There was a time for me when sugary cereal was the treasure at the end of the rainbow. I grew up not allowed to choose ‘sweet cereal’ at the grocery store, instead choosing Crispix or Chex. I can look back and thank my parents now, but I surely remember going to friends houses and drooling over their kitchen cabinets…. Count Chocula, Fruit Loops and the grandfather, big daddy of them all, Lucky Charms. These sweet numbers were sugar-coma-inducing boxes of joy, and still to this day I have a bit of a hankering for crispy, oh-so-sweet mini marshmallows. But since none of these big name cereals are gluten-free, they are now but a memory, an empty bowl with pink milk leftover.
I am gathering food brand lists for my GF website, and it’s still shocking to me that so many big companies are missing out completely on the gluten-free bandwagon. Indeed, I went over to Kellogg’s website today and was met with this statement on their GF offerings:
At this time, we do not offer products suitable for consumers on a gluten- or wheat-free diet. All of our products are produced in facilities that also manufacture wheat-containing products. We cannot guarantee that any products are 100% gluten- or wheat-free.

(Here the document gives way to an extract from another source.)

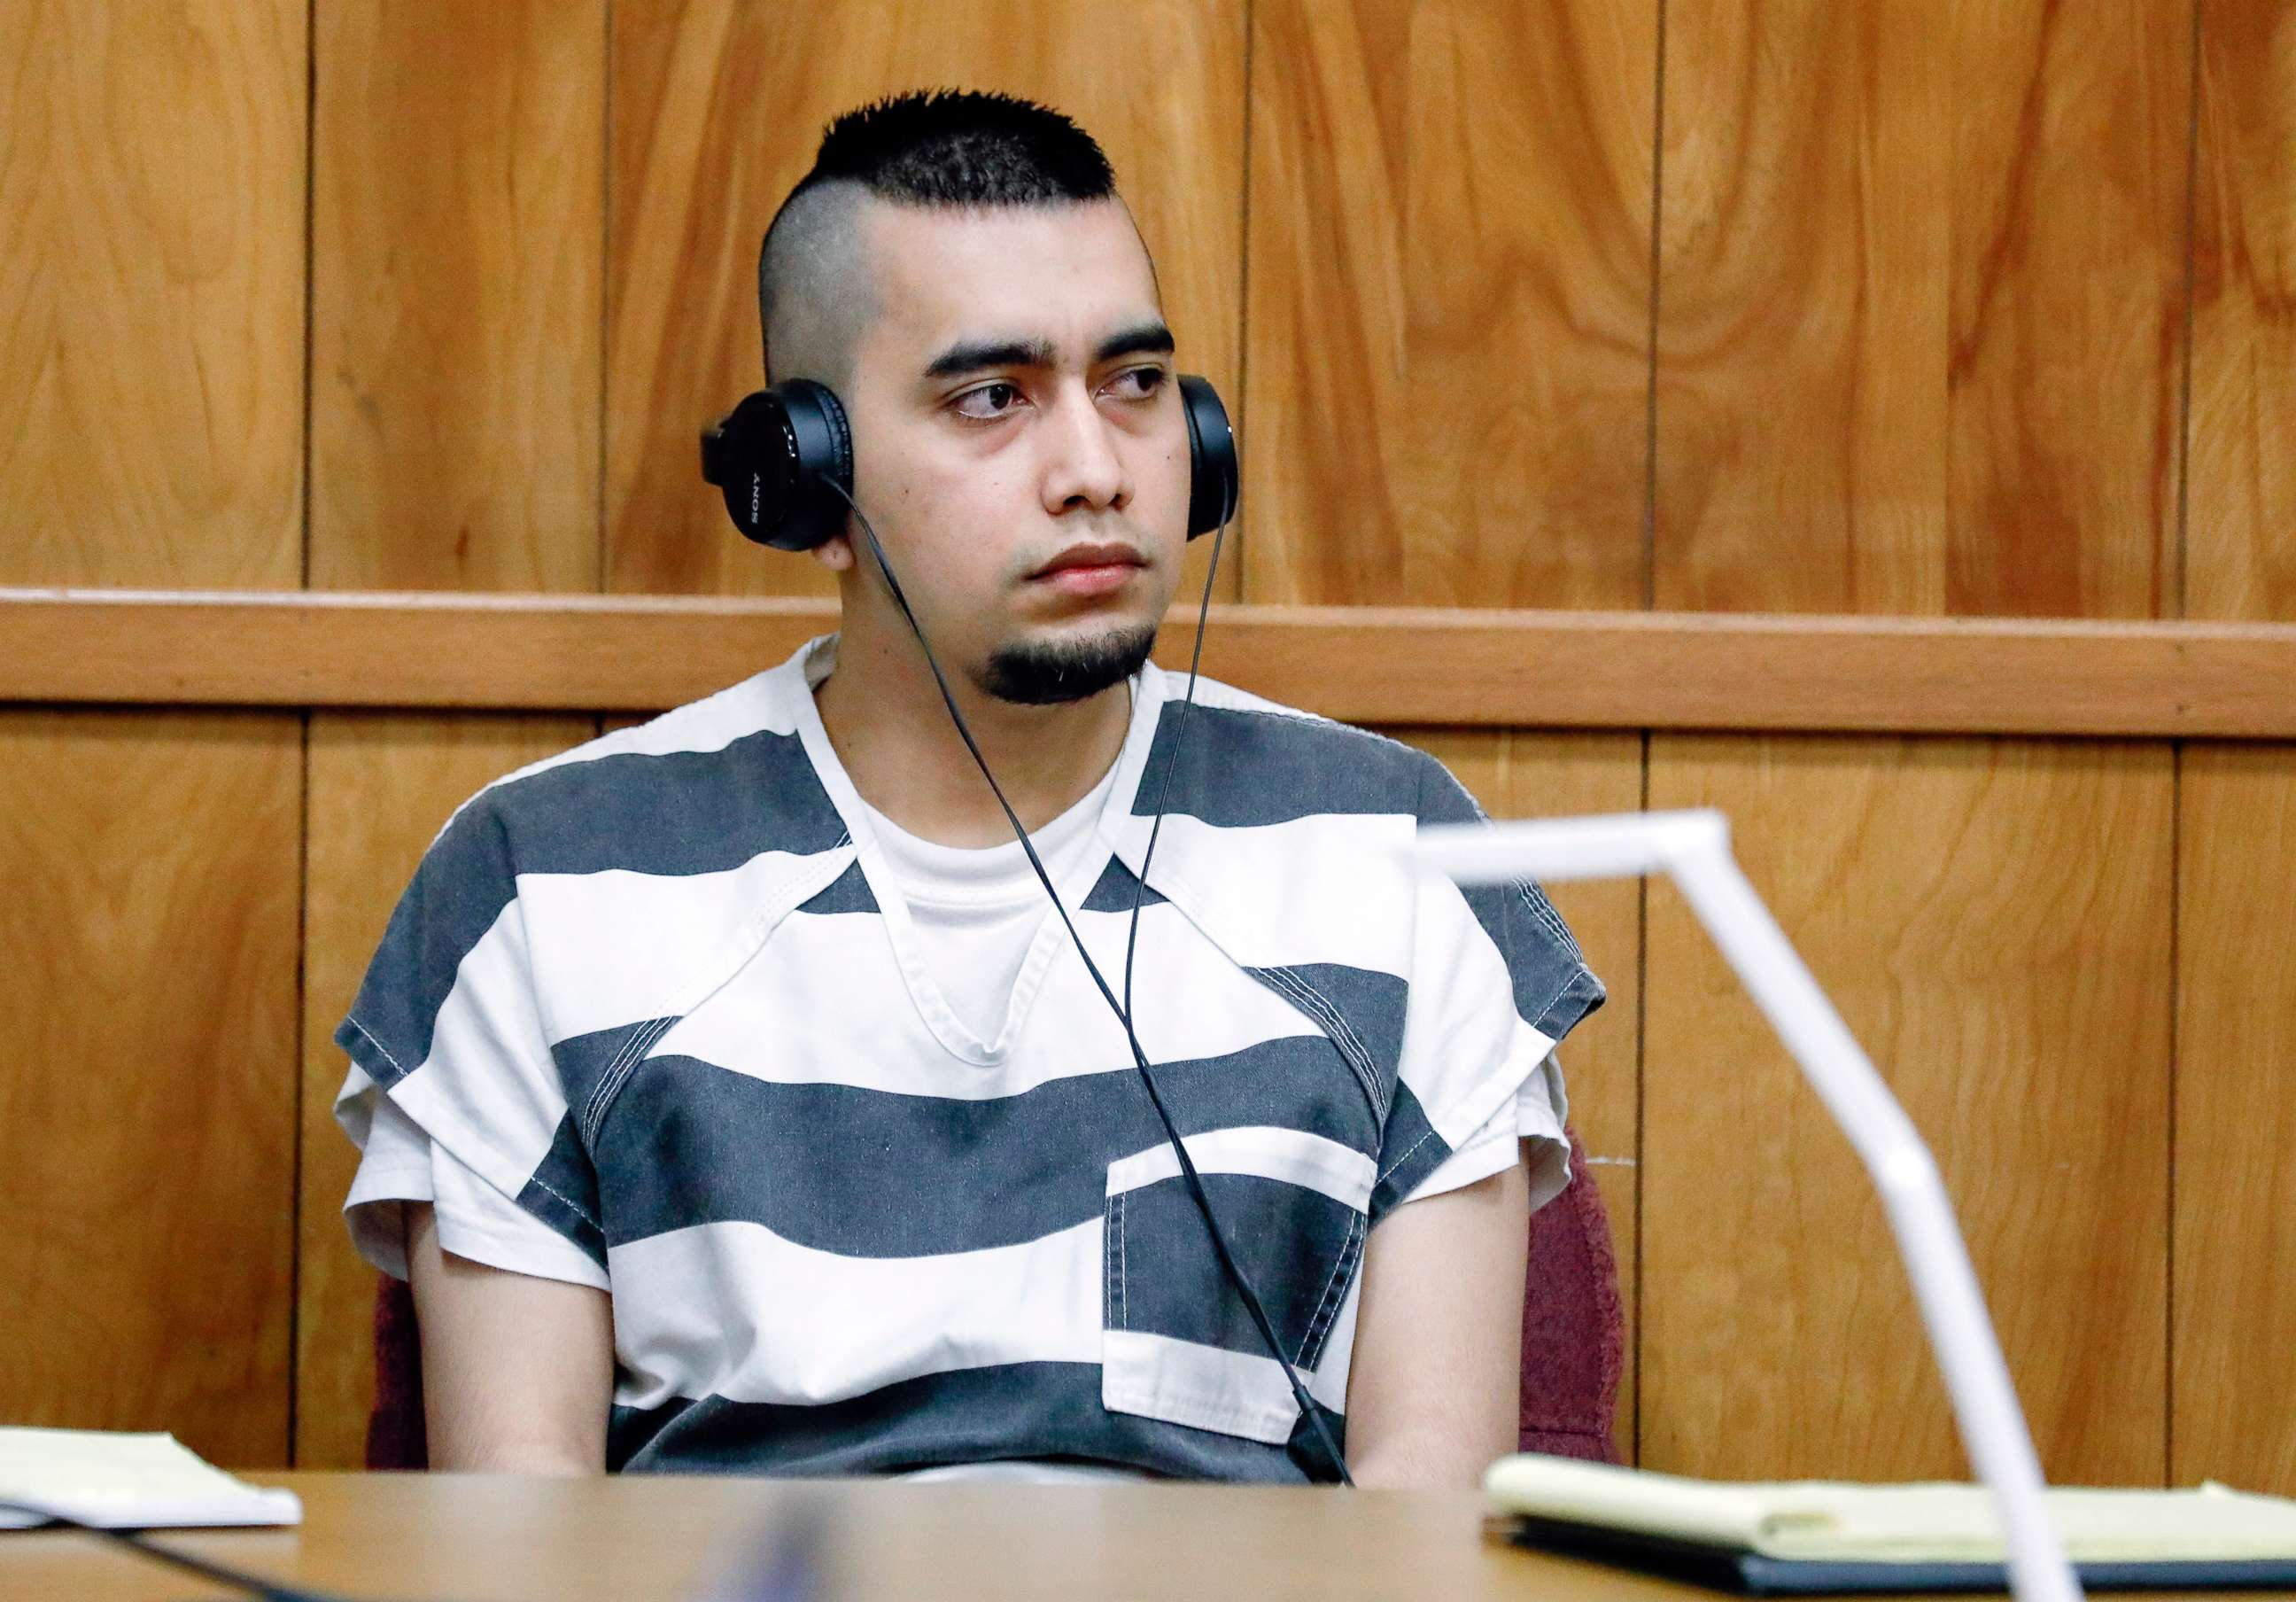 PHOTO: Cristhian Bahena Rivera appears during a hearing at the Poweshiek County Courthouse in Montezuma, Iowa, on July 15, 2021.

Kellogg’s® Eggo™ Syrup and Kellogg’s™ Fruit Flavored Snacks are formulated gluten and wheat-free and may be acceptable for consumers on restricted diets. However, these products are produced in facilities that also manufacture other products that contain wheat. Consumers have varying sensitivities to gluten, and although we follow approved standardized manufacturing practices, some consumers are so sensitive that even wheat dust that may be in the product can result in a reaction. Therefore, we do not have any products that are gluten-free.
Kellogg’s® Corn Pops and Kellogg’s® Rice Krispies might be suitable, depending on gluten sensitivity. Corn Pops have a very small amount of wheat starch added, and Rice Krispies have a small amount of malt flavoring, made from barley. Check with your personal physician to determine if these products are suitable for you.
What?! Doesn’t this seem like a huge oversight? An enormous business potential missed, in my mind. For instance, Rice Krispies. They are such a simple makeup, yet aren’t gluten-free because of the malt used in their recipe. This malt could easily be replaced with molasses, which General Mills has done with great effect. Kellogg’s seems to just be lazy on the scene, not realizing that expanding their offerings would benefit everyone.
The most frustrating is the still-slim-pickins that confront a gluten free eater in the cereal aisle. Sure, there are fresher, probably healthier options elsewhere for breakfast, but sometimes a box of cereal is what you really crave. As someone that has walked down the cereal aisle and realized literally everything is off limit, finding even a few options is a treat.
So, Kellogg’s, get off you butts and start making gluten free versions of your products. It will show you’re listening to your audience, able to diversify your offerings, and smart enough to know a new market segments when you see one!
That’s all for now.
Kellogg’s has started making some inroads into the Gluten-Free world, starting with one of their classic cereals, Rice Krispies. It’s a start, but there is surely a lot more work to do.